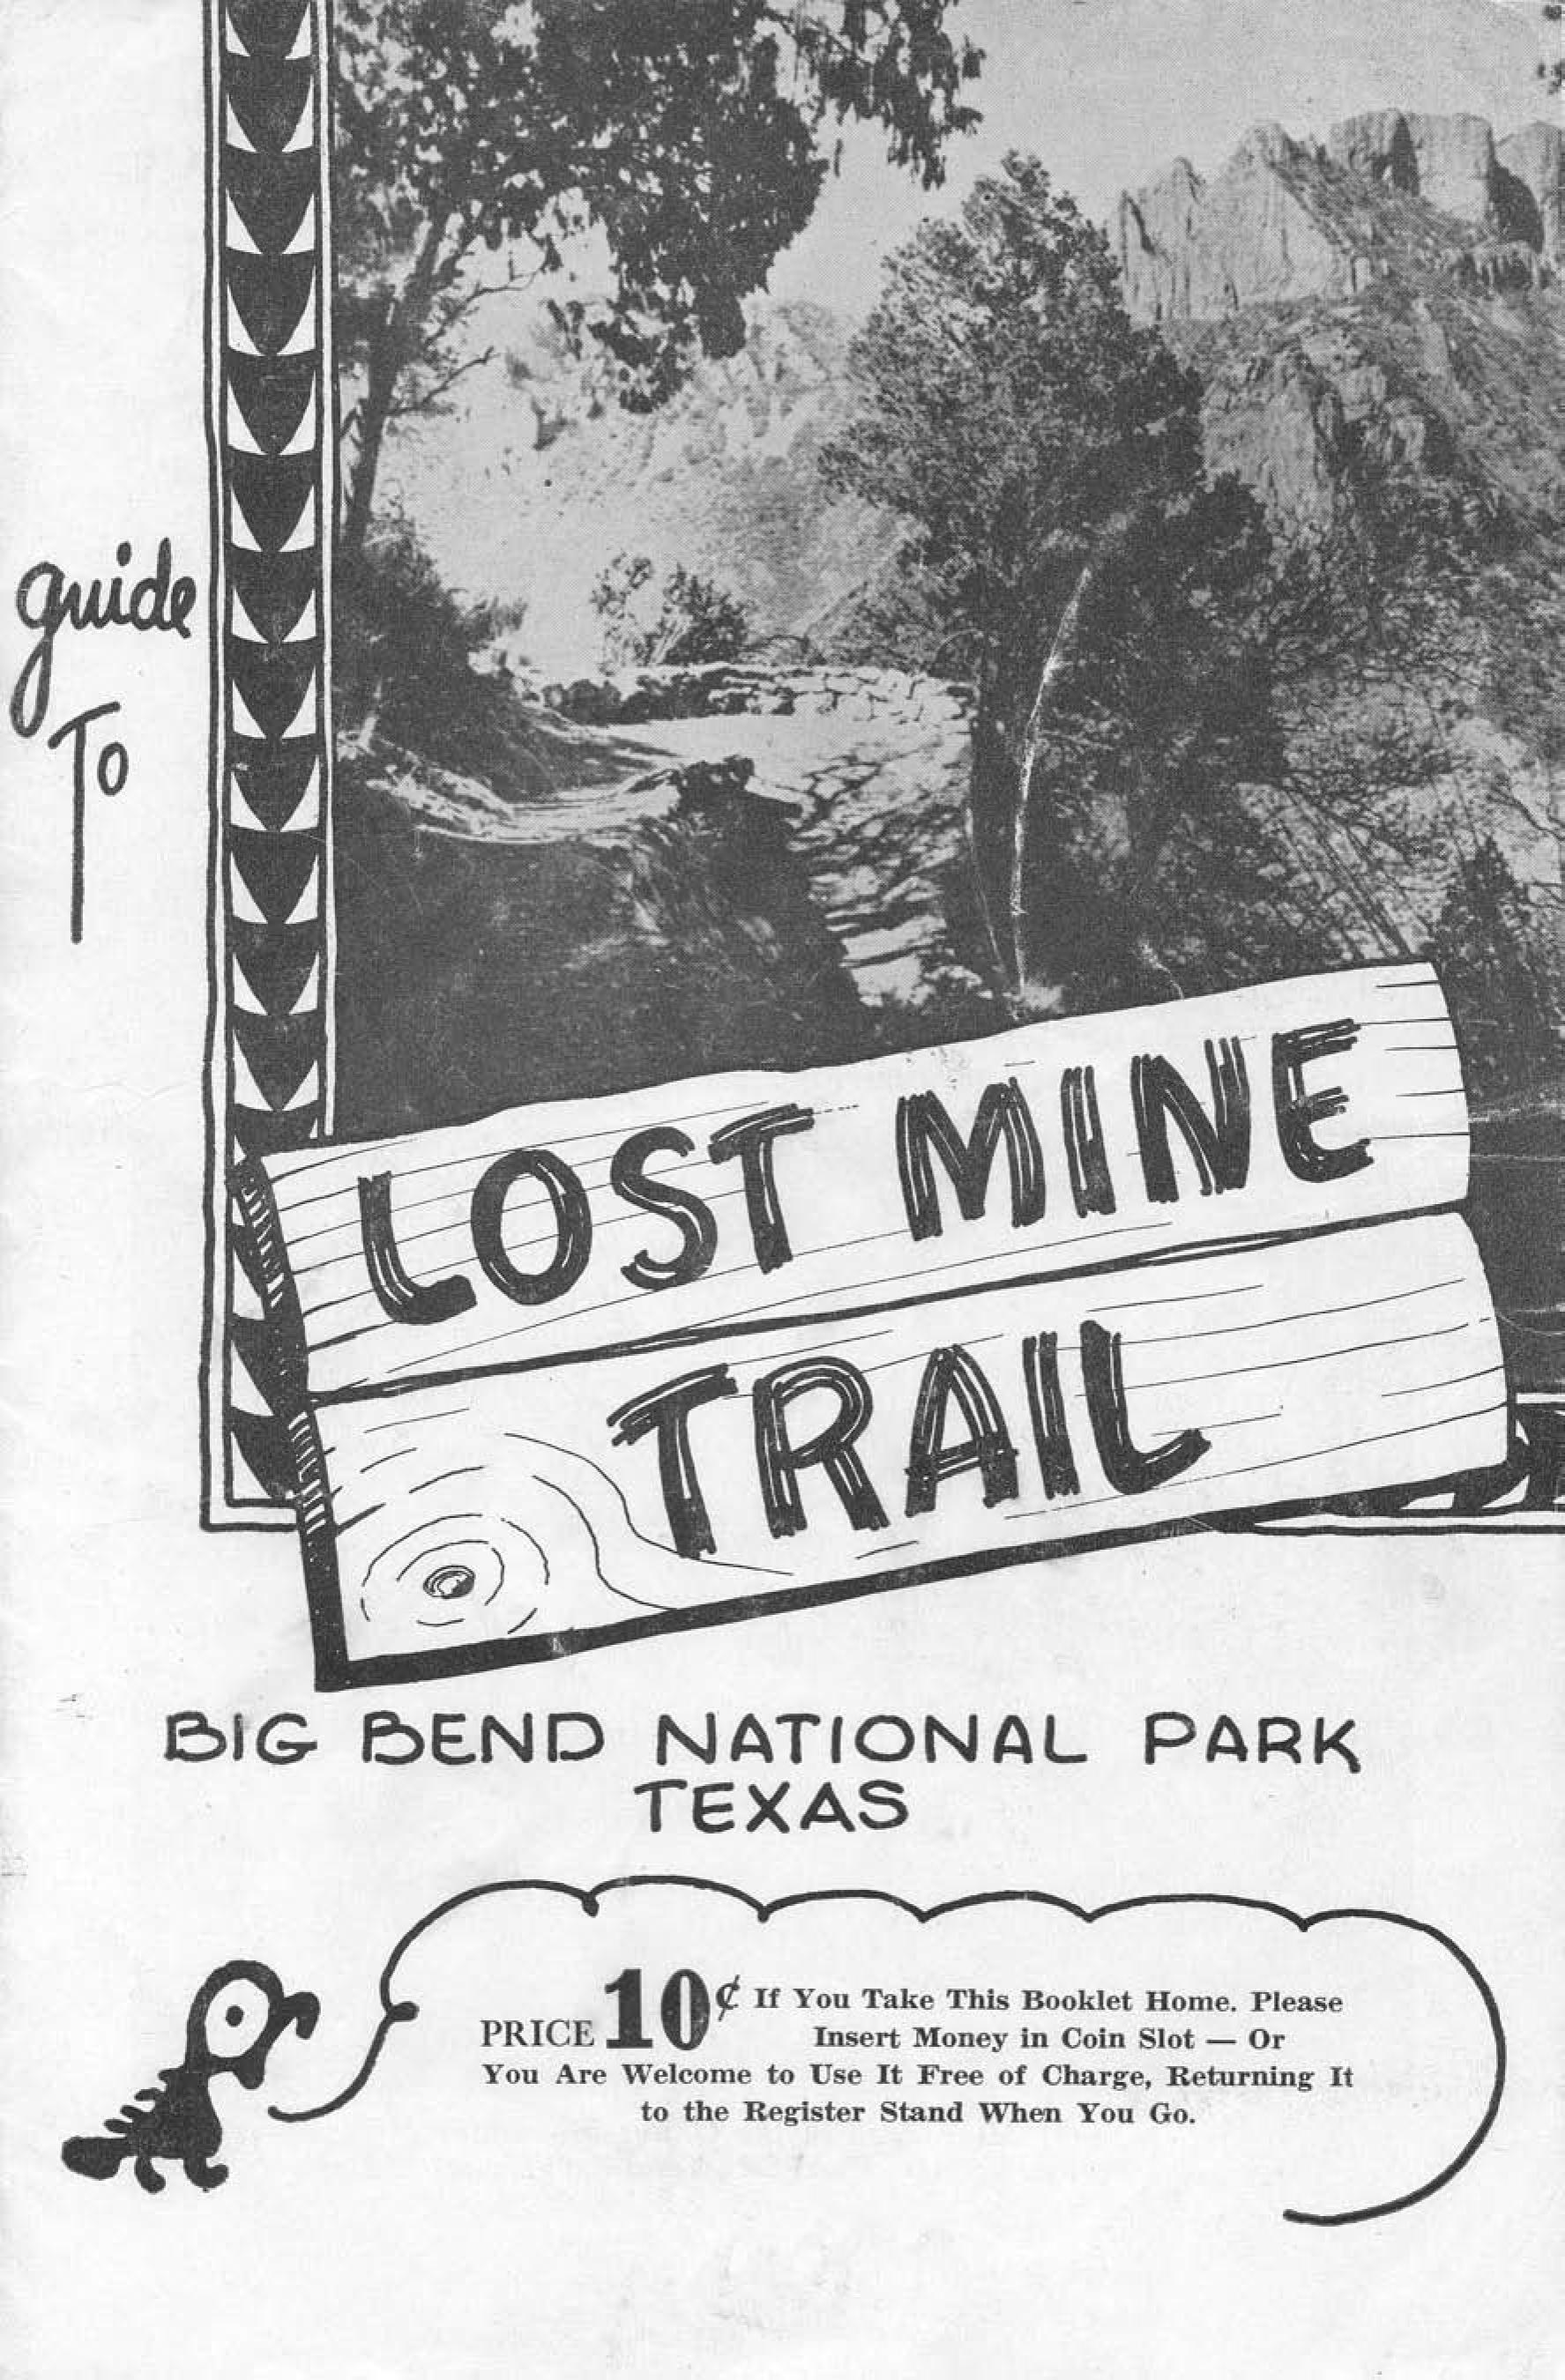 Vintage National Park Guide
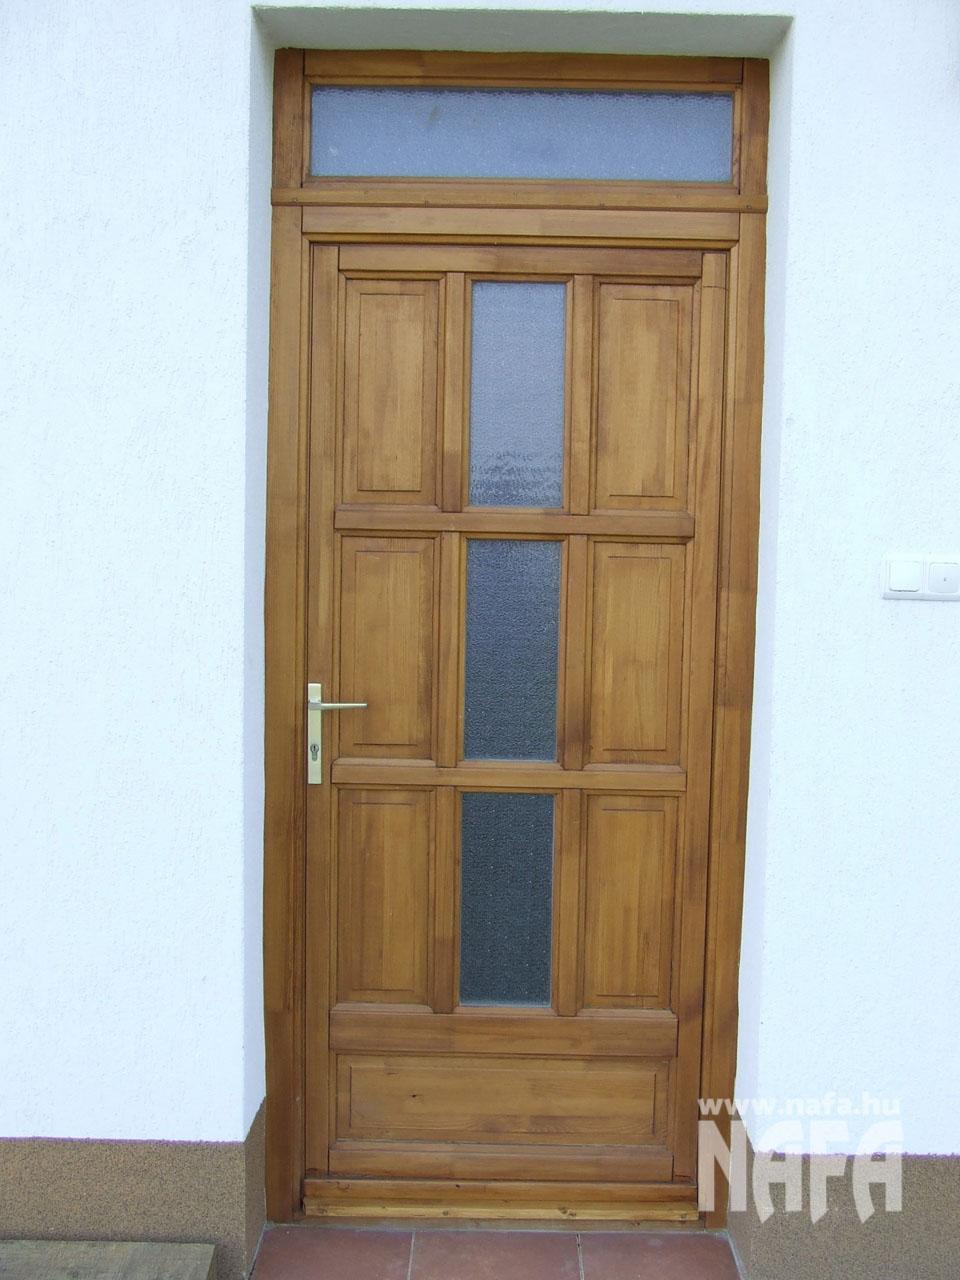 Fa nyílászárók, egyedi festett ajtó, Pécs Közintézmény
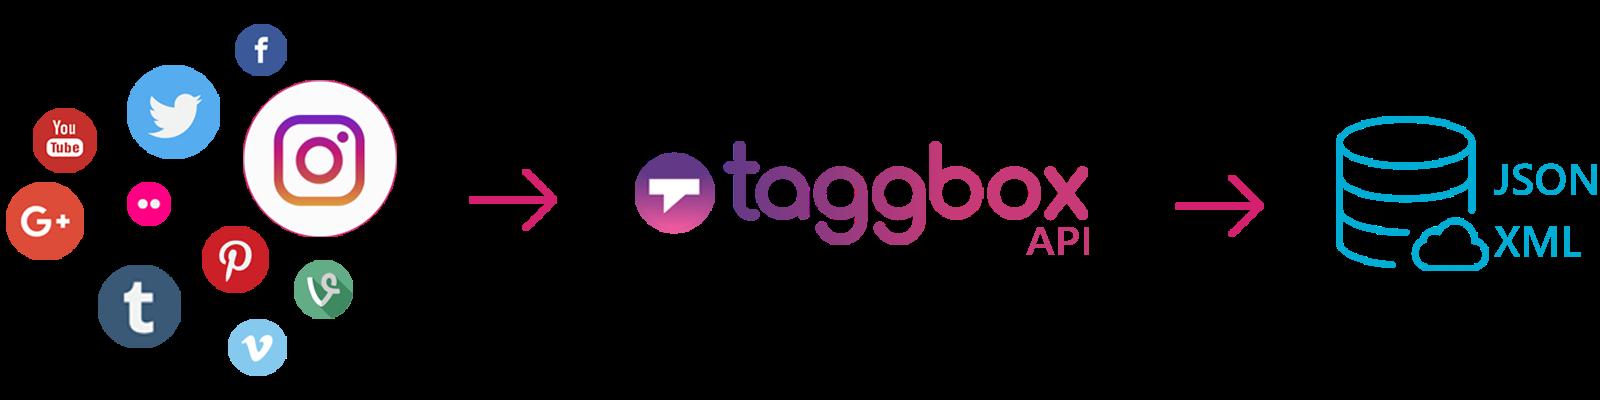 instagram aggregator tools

— Problem requirements —
Reproduce the listing exactly, but keep its images out of the copy.

— Expected answer —
 Vintage National Park Guide
 Fa nyílászárók, egyedi festett ajtó, Pécs Közintézmény
 instagram aggregator tools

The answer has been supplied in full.